[REBOL] Working with large files
From: brock::kalef::innovapost::com at: 11-Aug-2008 15:11
I'm looking to read 800+ MB web log files and process the log prior to
running through an analysis tool. I'm running into "Out of Memory"
errors and the odd Rebol Crash in attempting to do this.
I started out simply reading the data directly into a word and looping
through the data. This worked great for the sample data set of 45 MB.
this then failed on a 430+ MB file. i.e.. data: read/lines
I then changed the direct read to use a port i.e.. data-port:
open/lines %file-name.log. This worked for the 430+ MB file but then I
started getting the errors again for the 800+ MB files.
It's now obvious that I will need to read in portions of the file at a
time. However, I am unsure how to do this while also ensuring I get all
the data. As you can see from my earlier example code, I'm interested
in reading a line at a time for simplicity in processing the records as
they are not fixed width (vary in length). My fear is that I will not
be able to properly handle the records that are truncated due to the
size of the data block I retrieve from the file. Or atleast not be able
to do this easily. Are there any suggestions?

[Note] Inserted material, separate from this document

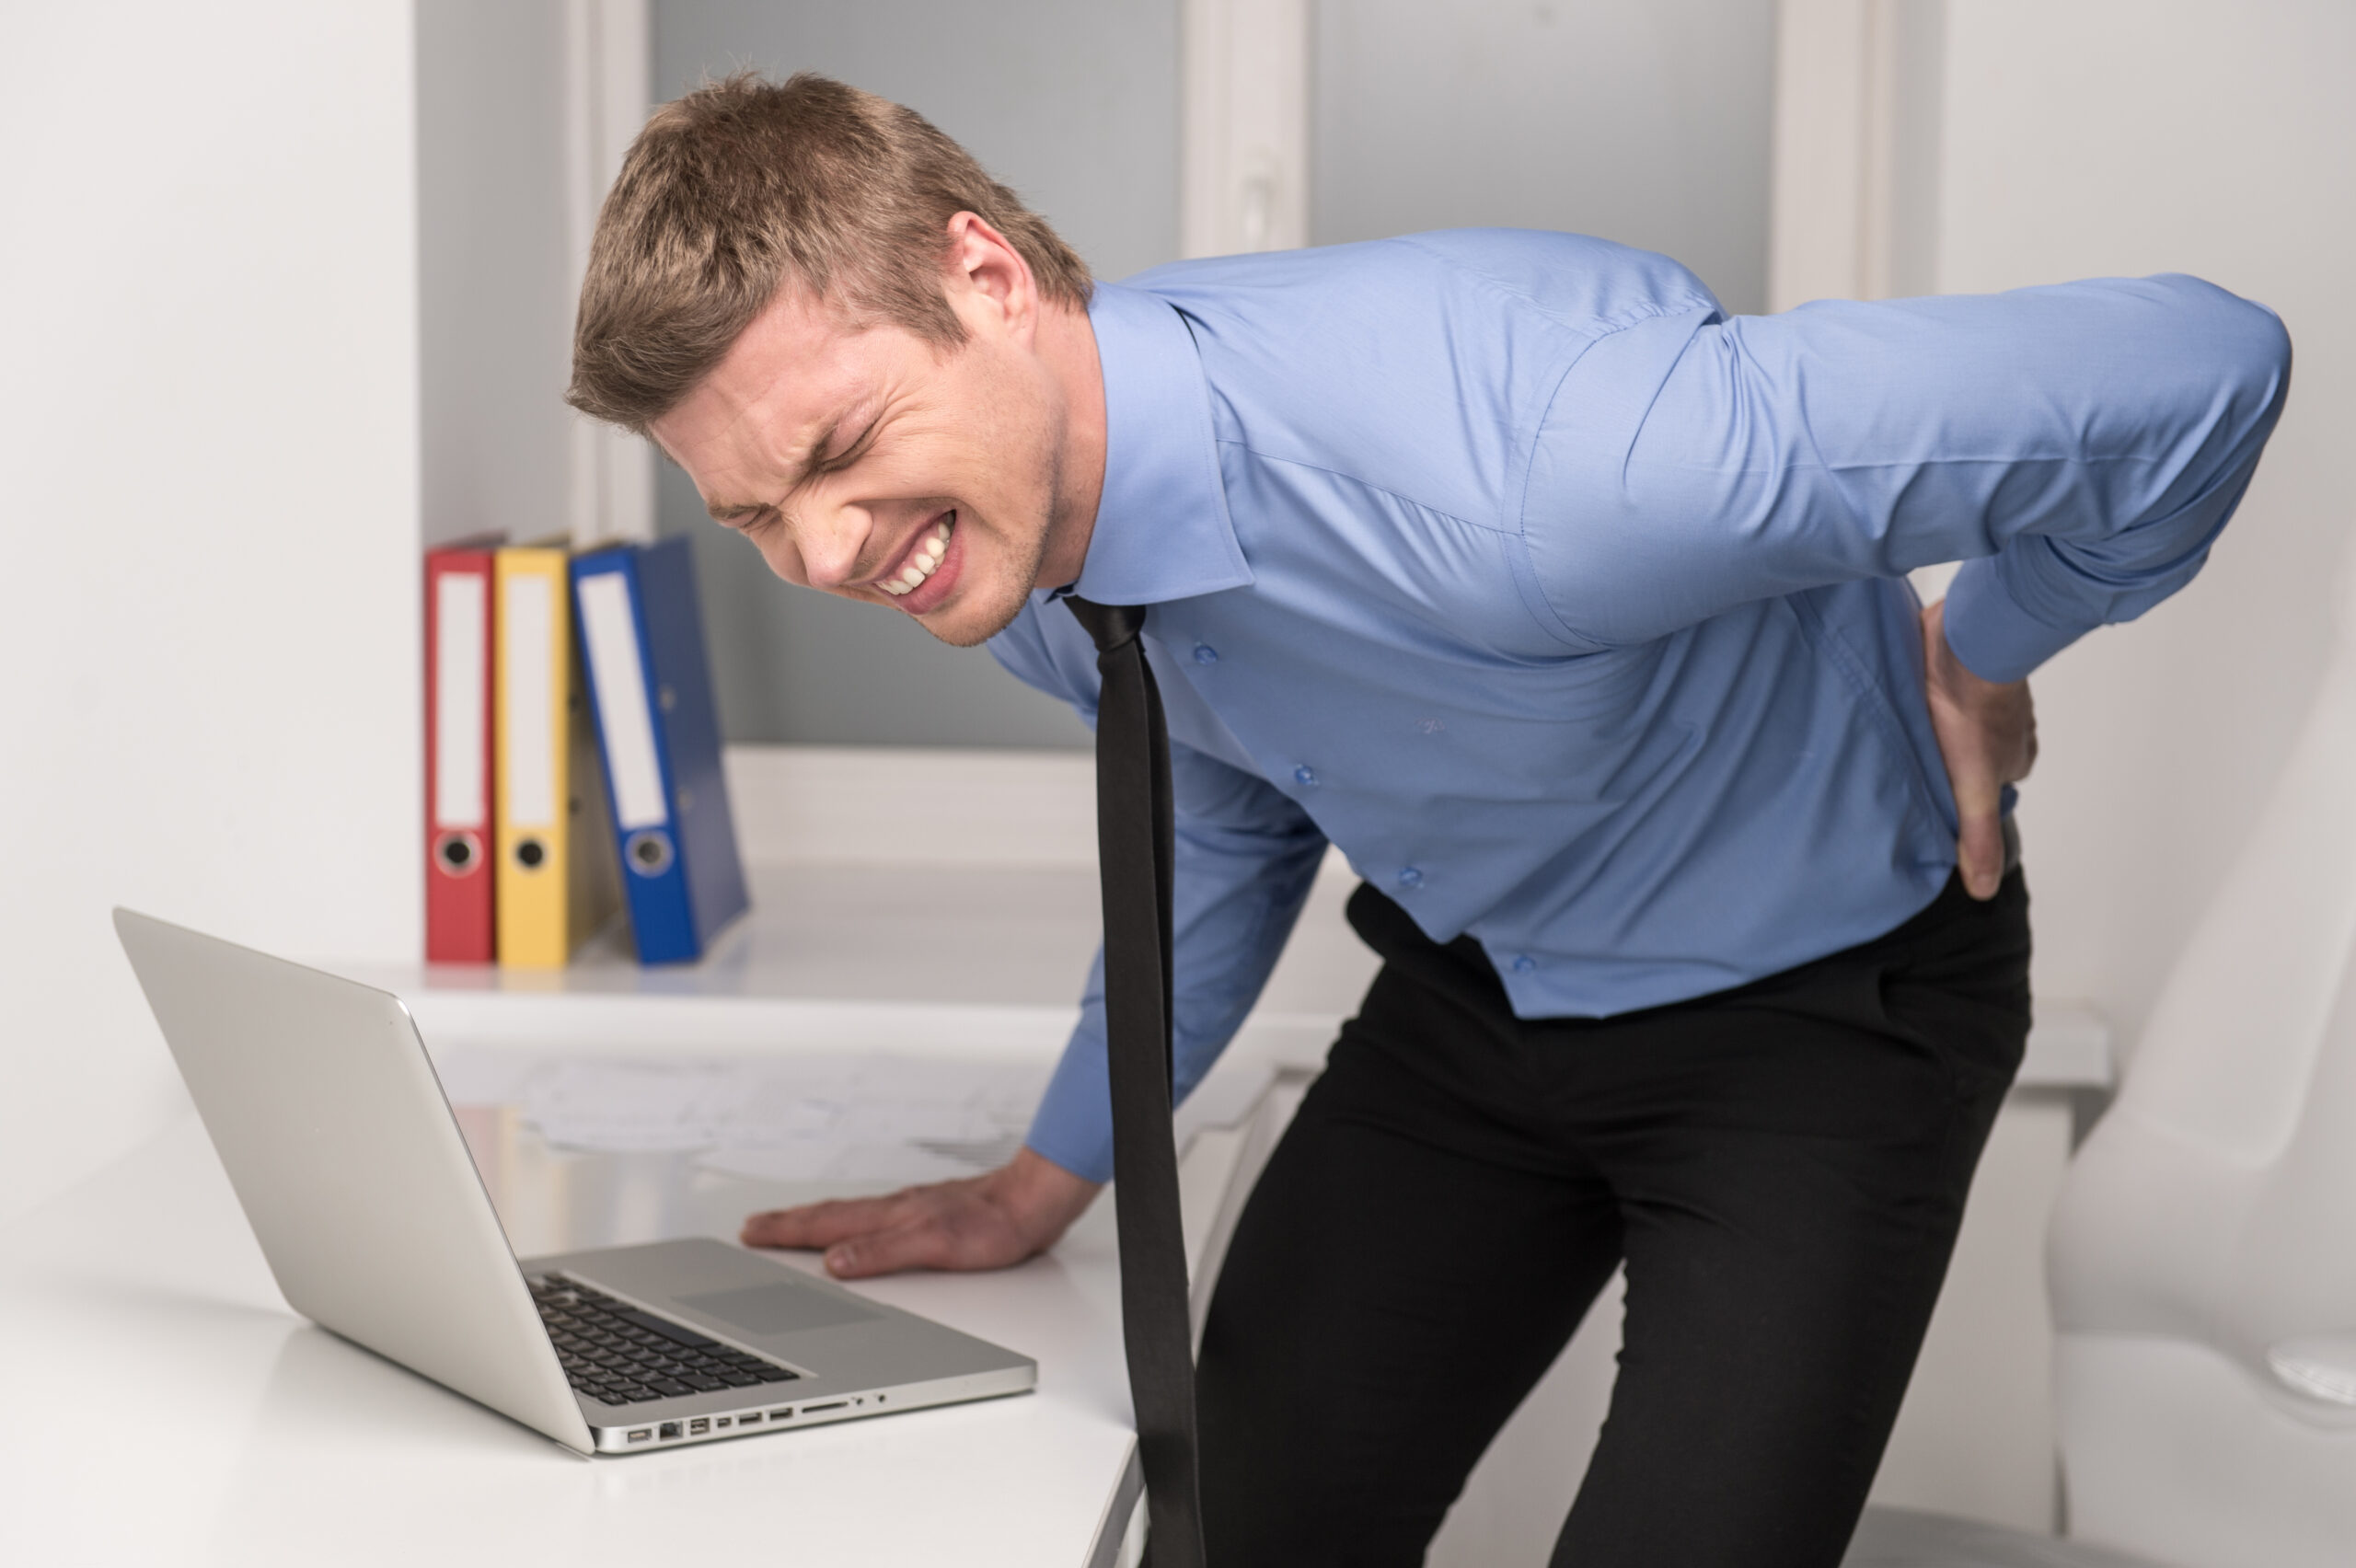 Why Does My Back Hurt At the Office Desk?

My guess is that I will need to;
- pull in a fixed length block of data
- read to the data until I reach the first occurrence of a newline
- track the index of the location of the newline
- continue reading the data until I reach the end of the data-block
- once reaching the end of the data retrieved, calculate where the last
record process ended
- read the next data block from that point
- continue until reaching the end of file
Any other suggestions?